La gratitude est le sentiment que nous éprouvons lorsque nous sommes bénéficiaires d’un comportement humain généreux, sincère et désintéressé. Elle peut se manifester dans plusieurs situations. Par exemple lorsque nous sommes dans un état de profonde détresse et qu’une personne nous tend une main secourable. Ou bien lorsque nous sommes en danger et qu’un inconnu nous apporte son aide. Il s’agit donc de situations dans lesquelles nous ressentons une profonde reconnaissance vis-à-vis de notre bienfaiteur et sommes enclins à le remercier.

Cette émotion sociale présente la particularité d’être transculturelle, puisqu’on la retrouve dans toutes les sociétés et les civilisations. La psychologie s’y intéresse depuis une dizaine d’années afin d’en comprendre le fonctionnement et d’utiliser ses vertus dans le domaine clinique.
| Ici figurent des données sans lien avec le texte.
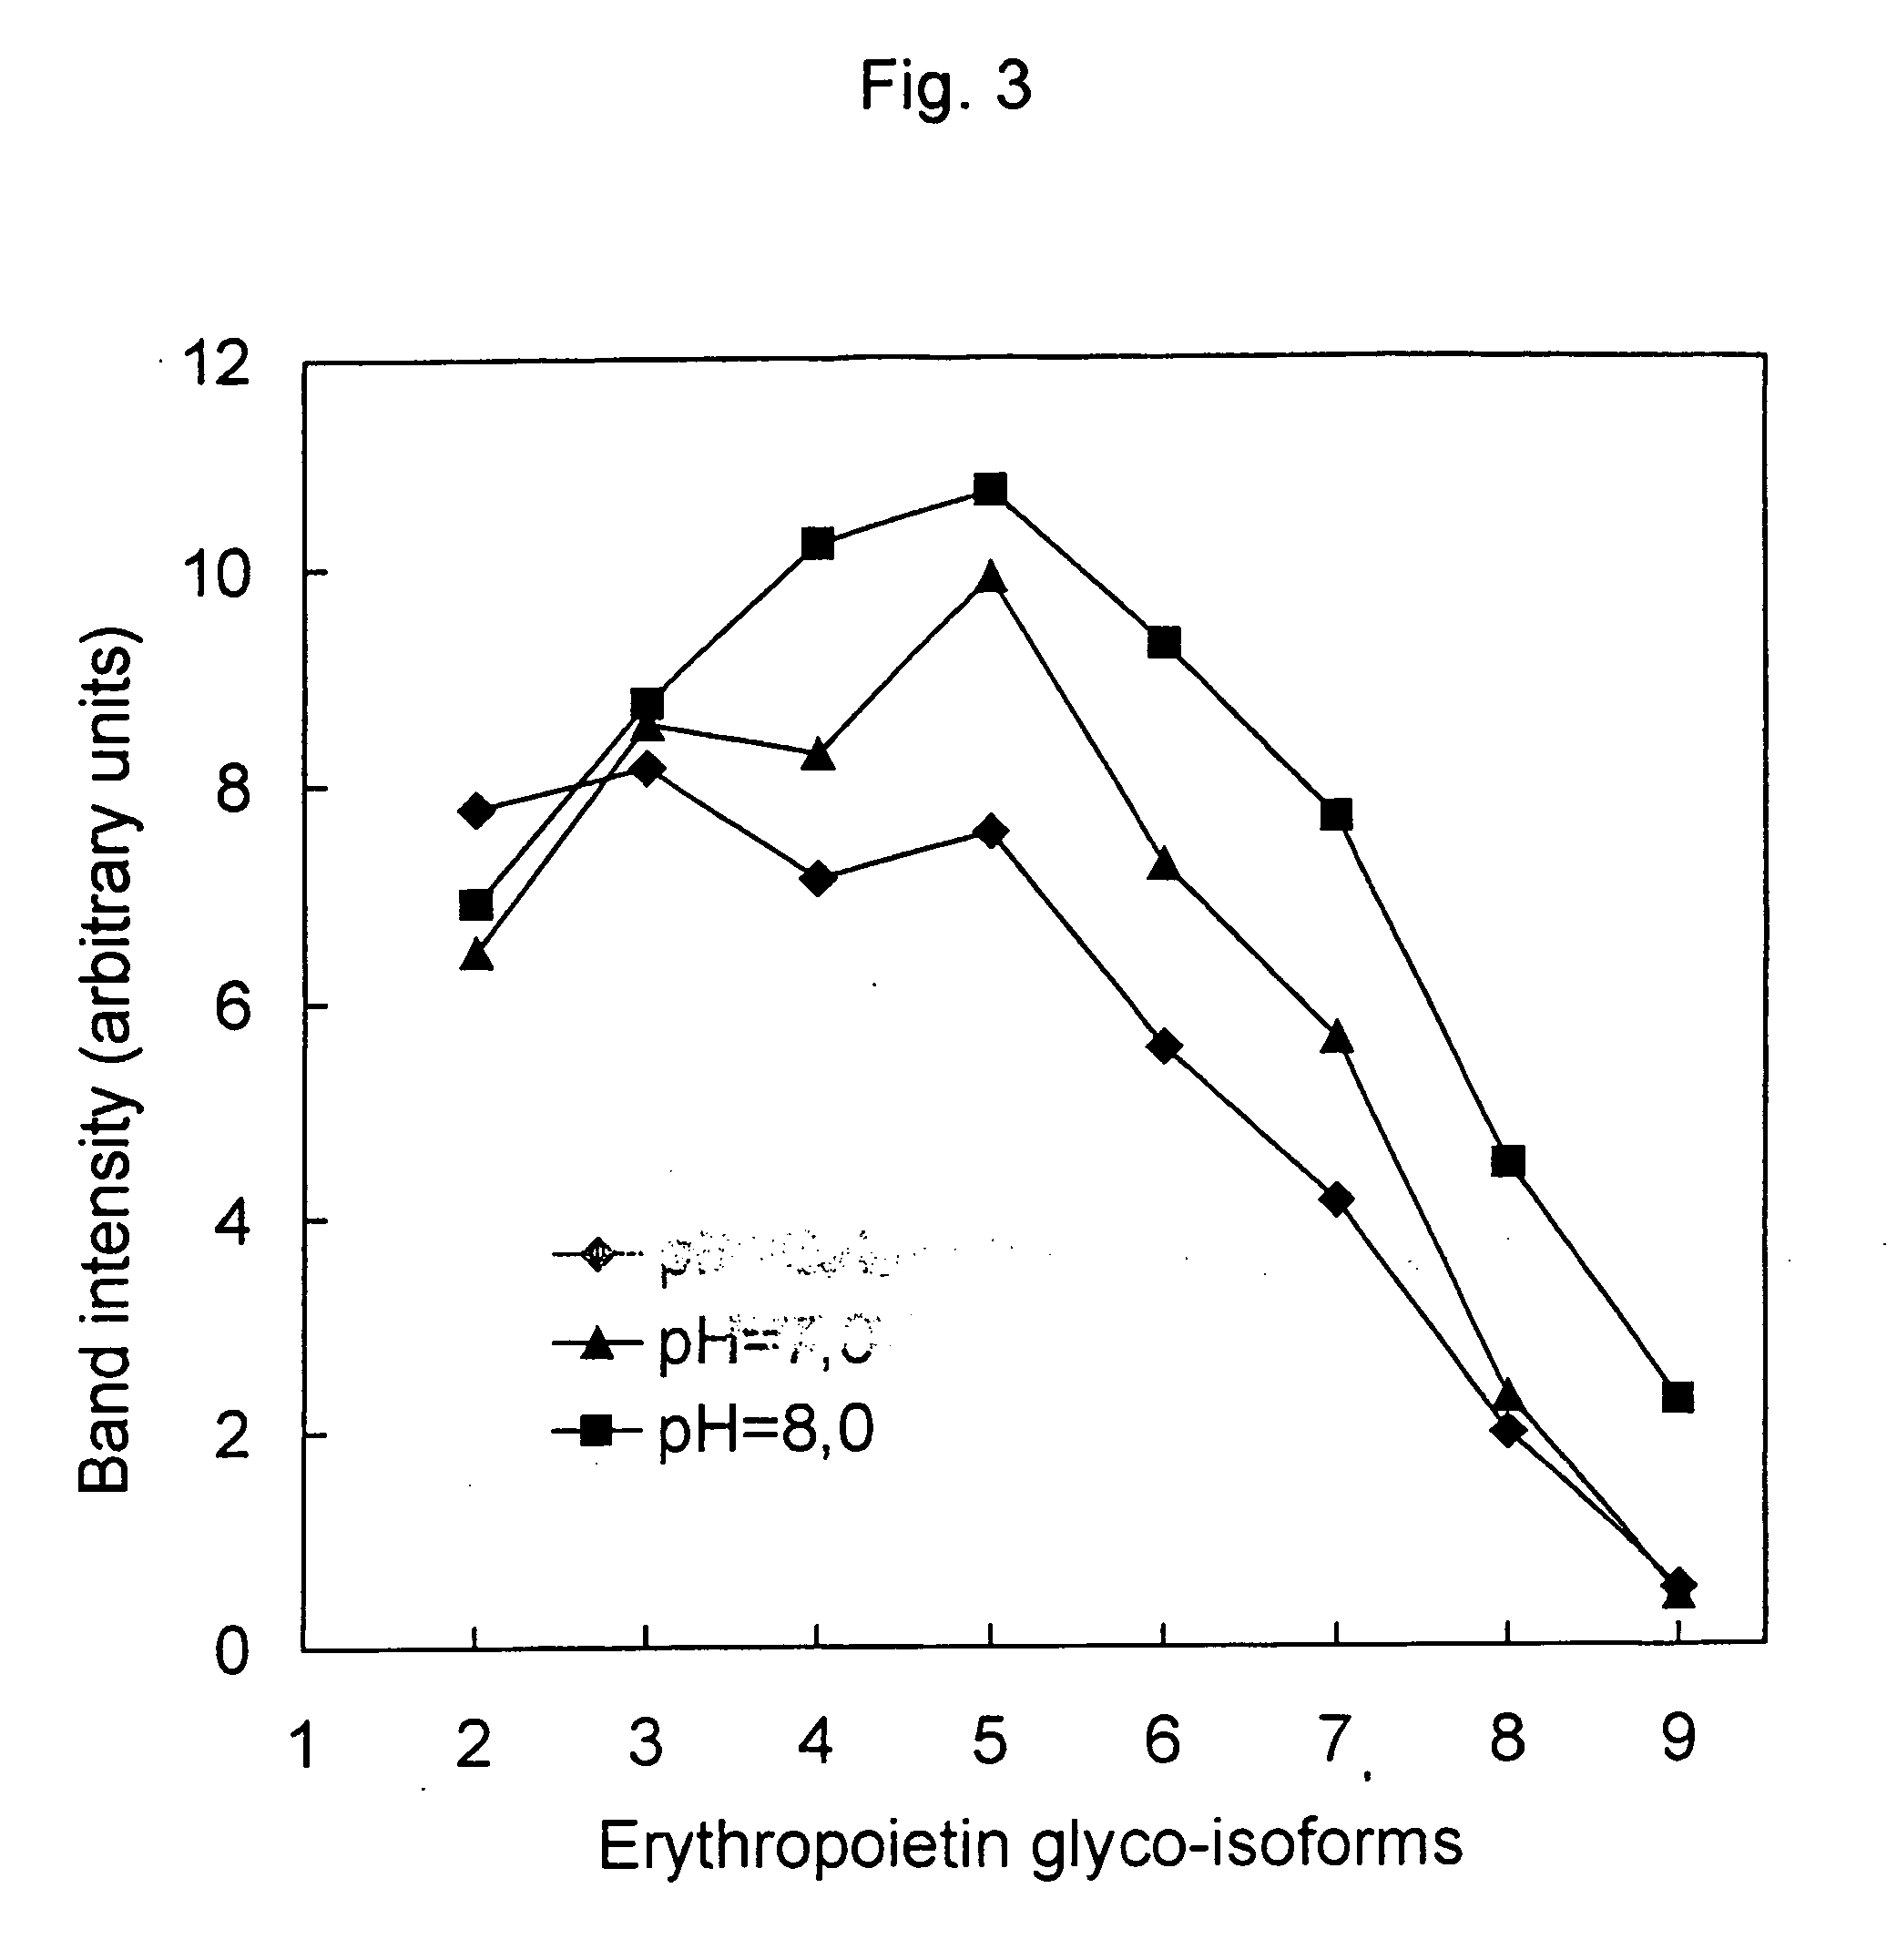 Process for the preparation of a desired erythropoietin glyco-isoform profile
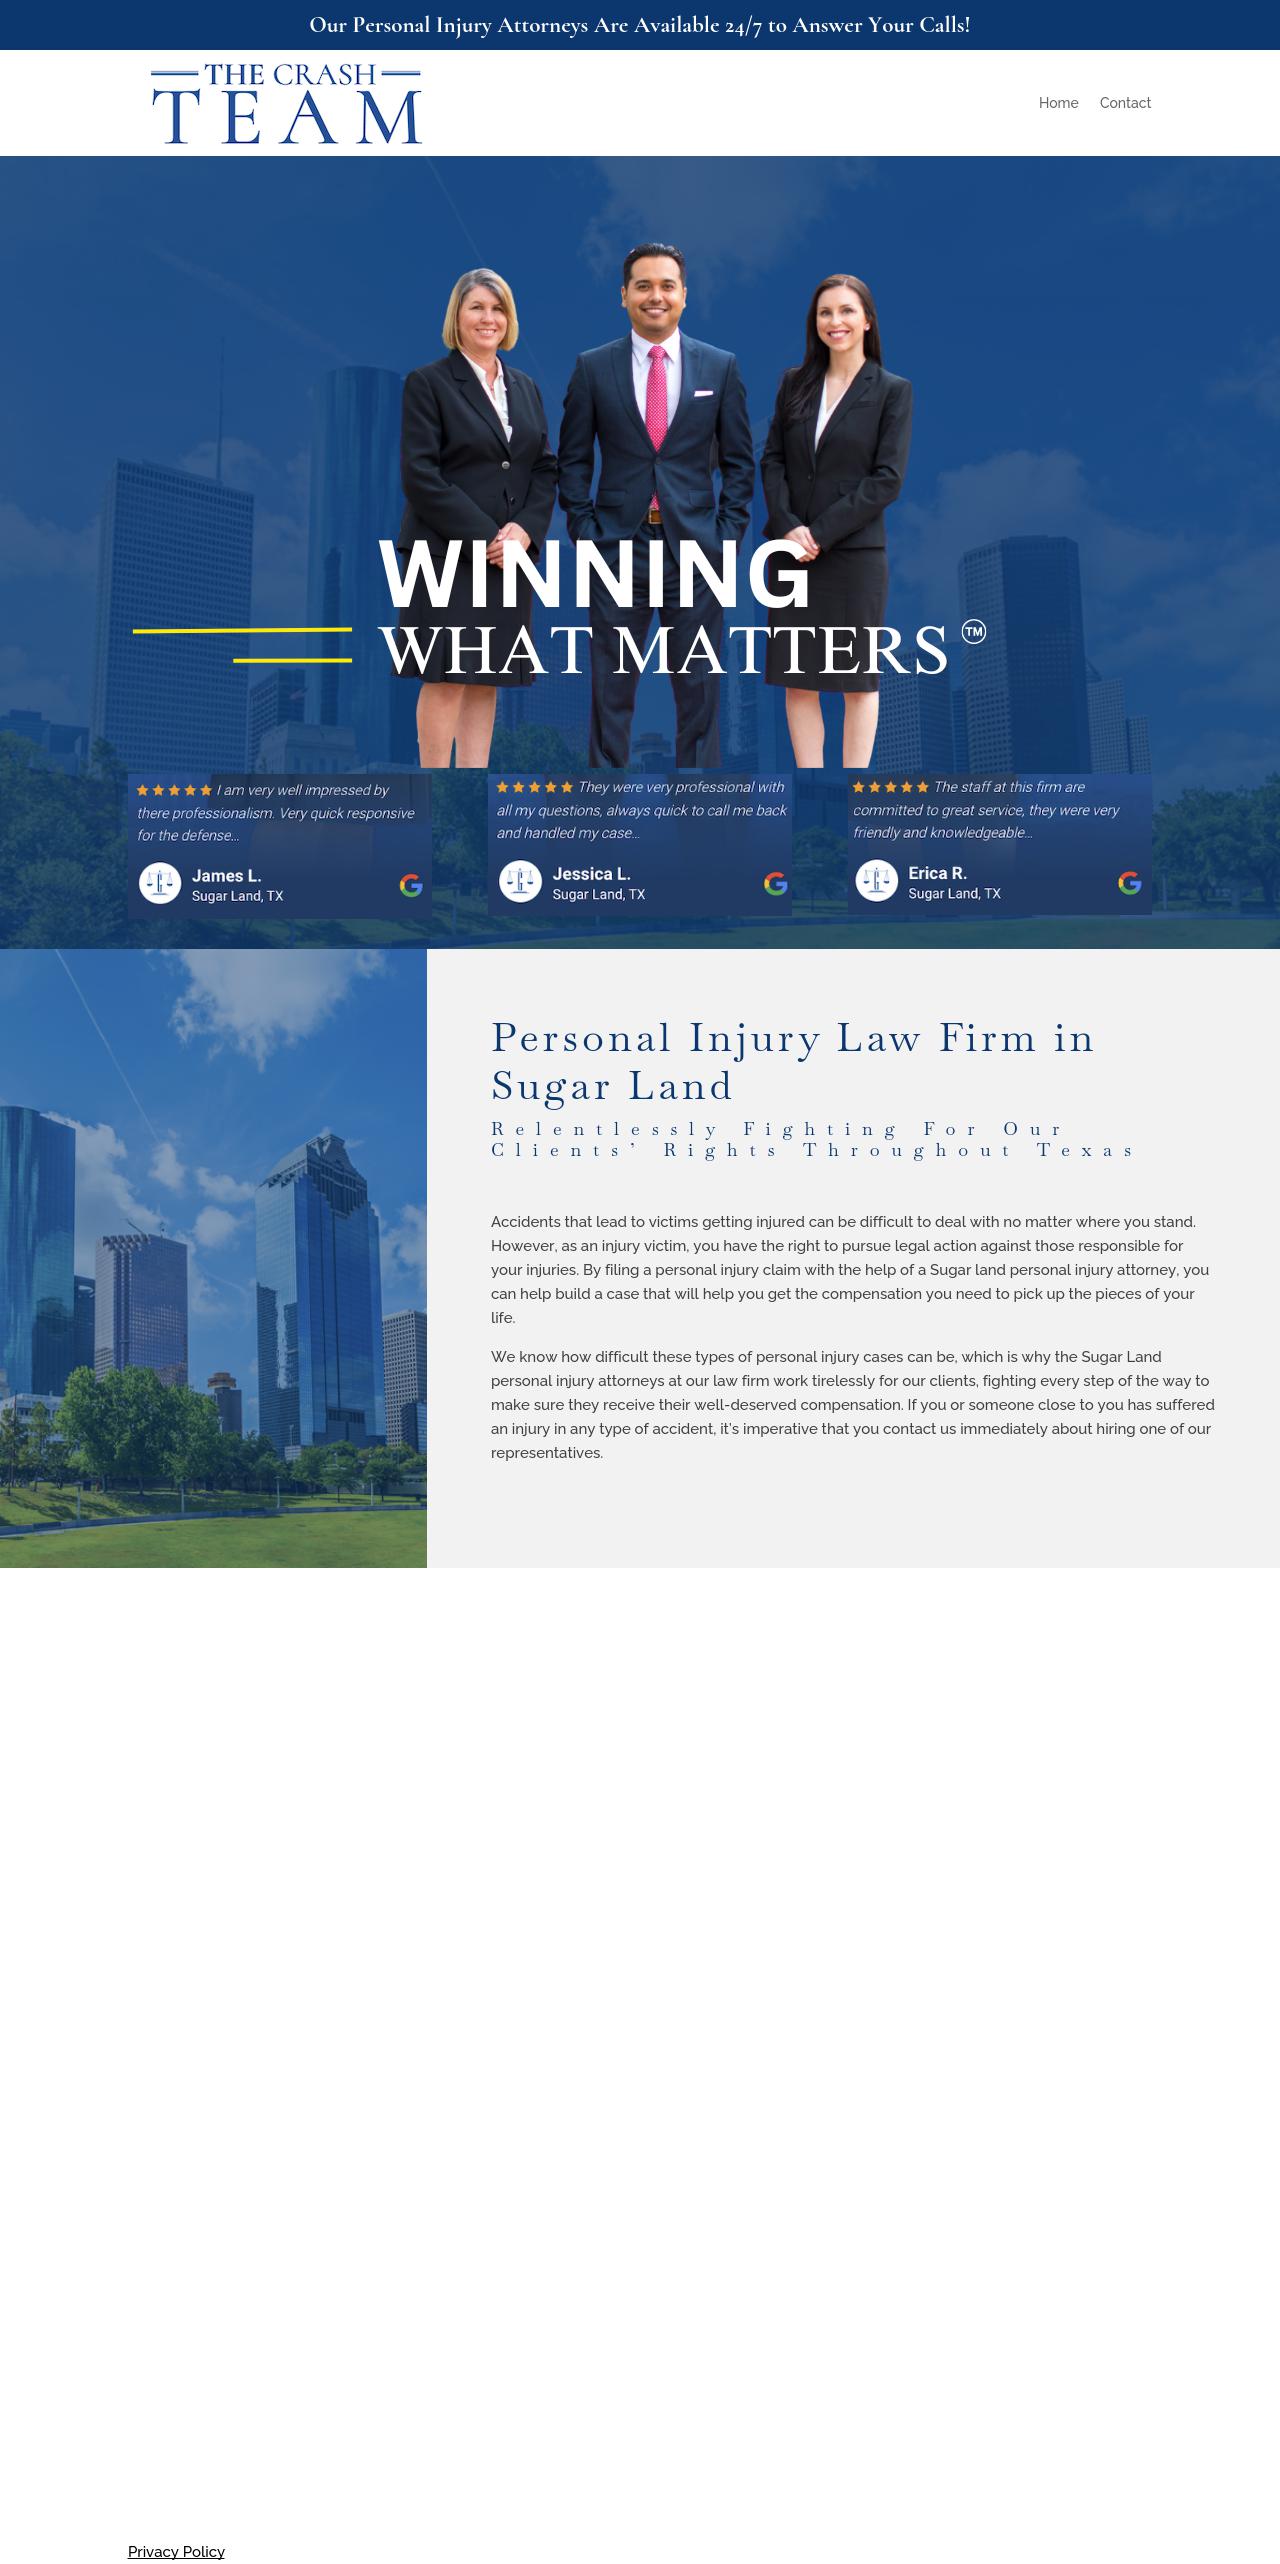 The Galvan Law Firm, PLLC - Houston TX Lawyers

La recherche a ainsi montré que la pratique de la gratitude ne se manifeste pas seulement sur le plan comportemental, en nous poussant à remercier notre bienfaiteur. En effet, elle s’exprime également en activant des zones spécifiques de notre cerveau impliquées dans la compassion et l’altruisme.

Pratique de la gratitude : de multiples bienfaits

C’est dans les années 2000 qu’ont commencé les premières études sur la pratique de la gratitude. Robert Emmons et Michael McCullough, respectivement psychologues à l’université de Californie et au département de psychologie de l’université de Miami, ont été les pionniers de cette recherche. Ils ont alors défini la gratitude comme une émotion sociale et morale destinée au maintien des relations interpersonnelles. Ils ont en effet montré que la gratitude permettait de renforcer les liens entre les individus ainsi que la coopération entre eux. La gratitude est donc une émotion qui favorise les comportements pro-sociaux : nous accordons à la personne qui nous a procuré son aide un remerciement, un présent ou une aide en retour.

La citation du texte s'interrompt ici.